Section 03: Functions as Business Models

Dr. Nikolai Heinrichs & Dr. Tobias Vlćek

Entry Quiz - 10 Minutes

Review from Session 03-02

Work individually, then we discuss together as group

  1. Find the market equilibrium for:

    • Demand: \(Q_d = 200 - 2p\)
    • Supply: \(Q_s = 50 + 3p\)

  2. Write the equation of a line passing through points (2, 8) and (5, 20).

  3. For the cost function \(C(x) = 500 + 12x\) and revenue \(R(x) = 25x\), find the profit when \(x = 100\).

Homework Review - 20 Minutes

Discussing Tasks 03-02

Let’s discuss the most difficult tasks from last lecture

  • Problem 5: Market competition analysis
    • How did you determine the break-even data usage?
  • Problem 6: Production planning with constraints
    • Challenges with multiple constraints?
  • Problem 7: Dynamic pricing (if attempted)
    • What price seemed optimal in your testing?

Today we’ll learn the exact method to find that optimal price!

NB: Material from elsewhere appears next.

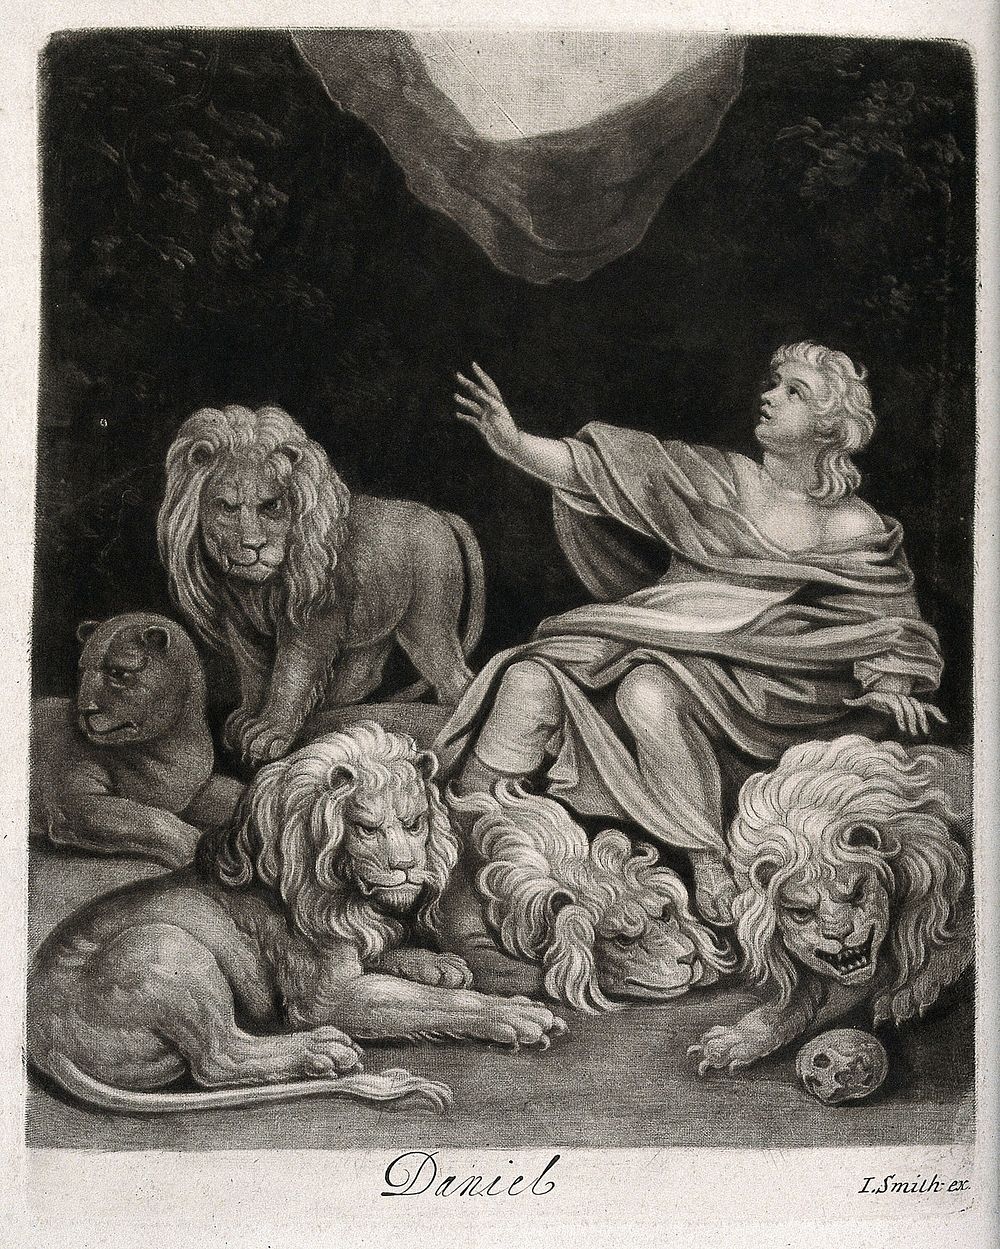 Daniel trapped with lions. Mezzotint by J. Smith.

Introduction to Quadratic Functions

From Linear to Quadratic

Quadratic functions model accelerating change

Linear vs. Quadratic:

  • Linear: \(f(x) = mx + b\) → Constant rate of change
  • Quadratic: \(f(x) = ax^2 + bx + c\) → Changing rate of change
  • Graph shape: Quadratic → Parabola (U-shaped or ∩-shaped)
  • Business meaning:
    • Linear → Fixed relationships
    • Quadratic → Optimization opportunities!

Standard Form

The foundation: f(x) = ax² + bx + c

Key components:

  • a: Direction and width
    • \(a > 0\): Opens upward (has minimum)
    • \(a < 0\): Opens downward (has maximum)
    • \(|a|\) larger → Narrower parabola
  • b: Affects position of vertex
  • c: y-intercept (value when \(x = 0\))

Example: Profit Function

Quadratic Profit Function: \(P(x) = -2x^2 + 100x - 800\)

Quick Practice - 10 Minutes

Work individually, then we discuss

  • Determine: Does it open upward (U) or downward (∩)?
  • Determine: Does it have a maximum or minimum?
  • Determine: What is the y-intercept?

  1. \(R(x) = -3x^2 + 120x - 500\)

  2. \(C(x) = 2x^2 + 40x + 1000\)

  3. \(P(x) = -x^2 + 50x - 300\)

Challenge: For c. find the break-even points.

Break - 10 Minutes

Finding the Vertex

The Vertex Formula

The key: x = -b/2a

For \(f(x) = ax^2 + bx + c\):

  • Vertex x-coordinate: \(x_v = -\frac{b}{2a}\)
  • Vertex y-coordinate: \(f(x_v) = f(-\frac{b}{2a})\)
  • Vertex represents:
    • Maximum if \(a < 0\) (parabola opens down)
    • Minimum if \(a > 0\) (parabola opens up)
  • Axis of symmetry: Vertical line \(x = x_v\)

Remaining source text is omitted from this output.